用柯利布雷特斯解析文件 [英] parsing file with curley brakets
问题描述
我需要解析一个文件,文件中的信息用大括号括起来,例如:
Continent
{
Name Europe
Country
{
Name UK
Dog
{
Name Fiffi
Colour Gray
}
Dog
{
Name Smut
Colour Black
}
}
}
这是我在Python中尝试过的内容
from io import open
from pyparsing import *
import pprint
def parse(s):
return nestedExpr('{','}').parseString(s).asList()
def test(strng):
print strng
try:
cfgFile = file(strng)
cfgData = "".join( cfgFile.readlines() )
list = parse( cfgData )
pp = pprint.PrettyPrinter(2)
pp.pprint(list)
except ParseException, err:
print err.line
print " "*(err.column-1) + "^"
print err
cfgFile.close()
print
return list
if __name__ == '__main__':
test('testfile')
但这失败并显示错误:
testfile
Continent
^
Expected "{" (at char 0), (line:1, col:1)

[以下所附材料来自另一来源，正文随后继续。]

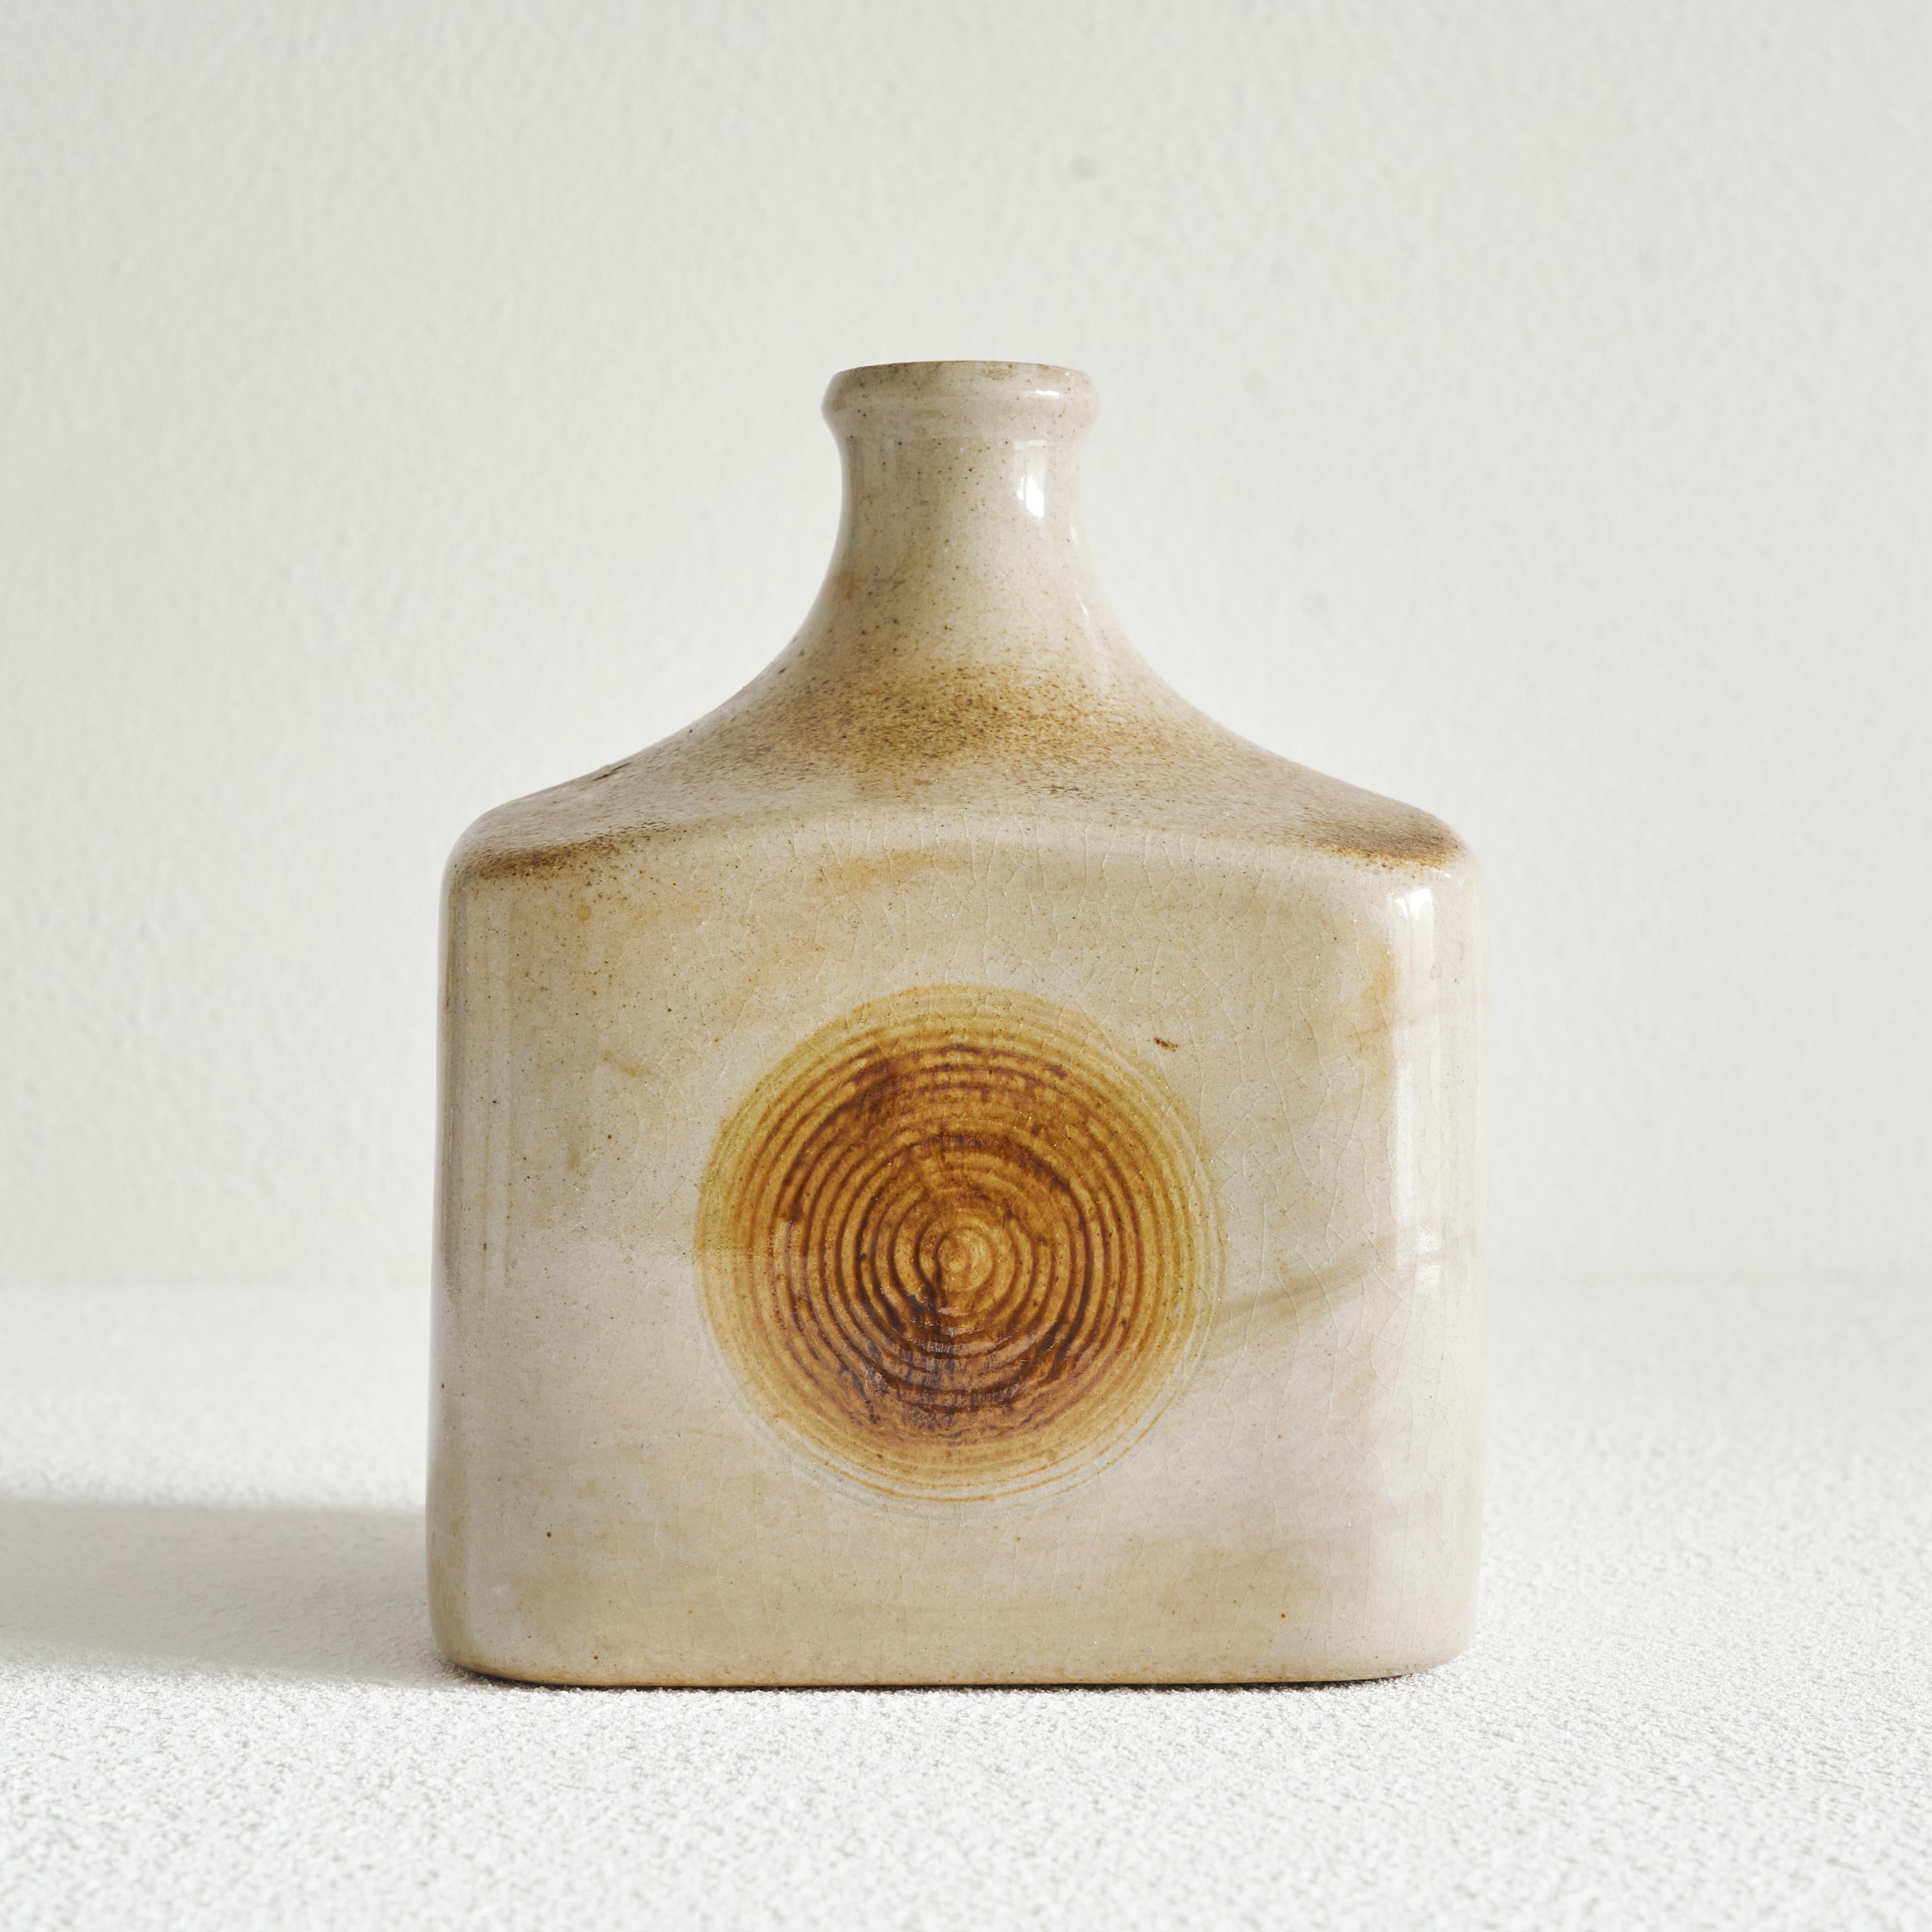 Studio pottery vase with ‘wood imprint’, Mid 20th century. 

Wonderful and interesting studio pottery vase with a distinct ‘wood’ imprint of growth rings in the glaze on every side. A very interesting and elegant decor, combined with a very

Traceback (most recent call last):
File "xxx.py", line 55, in <module>
test('testfile')
File "xxx.py", line 40, in test
return list
UnboundLocalError: local variable 'list' referenced before assignment
我需要做些什么才能使它起作用? 比pyparsing更好的解析器吗?
递归是这里的关键.尝试解决该问题:
def parse(it):
result = []
while True:
try:
tk = next(it)
except StopIteration:
break
if tk == '}':
break
val = next(it)
if val == '{':
result.append((tk,parse(it)))
else:
result.append((tk, val))
return result
用例:
import pprint
data = """
Continent
{
Name Europe
Country
{
Name UK
Dog
{
Name Fiffi
Colour Gray
}
Dog
{
Name Smut
Colour Black
}
}
}
"""
r = parse(iter(data.split()))
pprint.pprint(r)
...产生(Python 2.6):
[('Continent',
[('Name', 'Europe'),
('Country',
[('Name', 'UK'),
('Dog', [('Name', 'Fiffi'), ('Colour', 'Gray')]),
('Dog', [('Name', 'Smut'), ('Colour', 'Black')])])])]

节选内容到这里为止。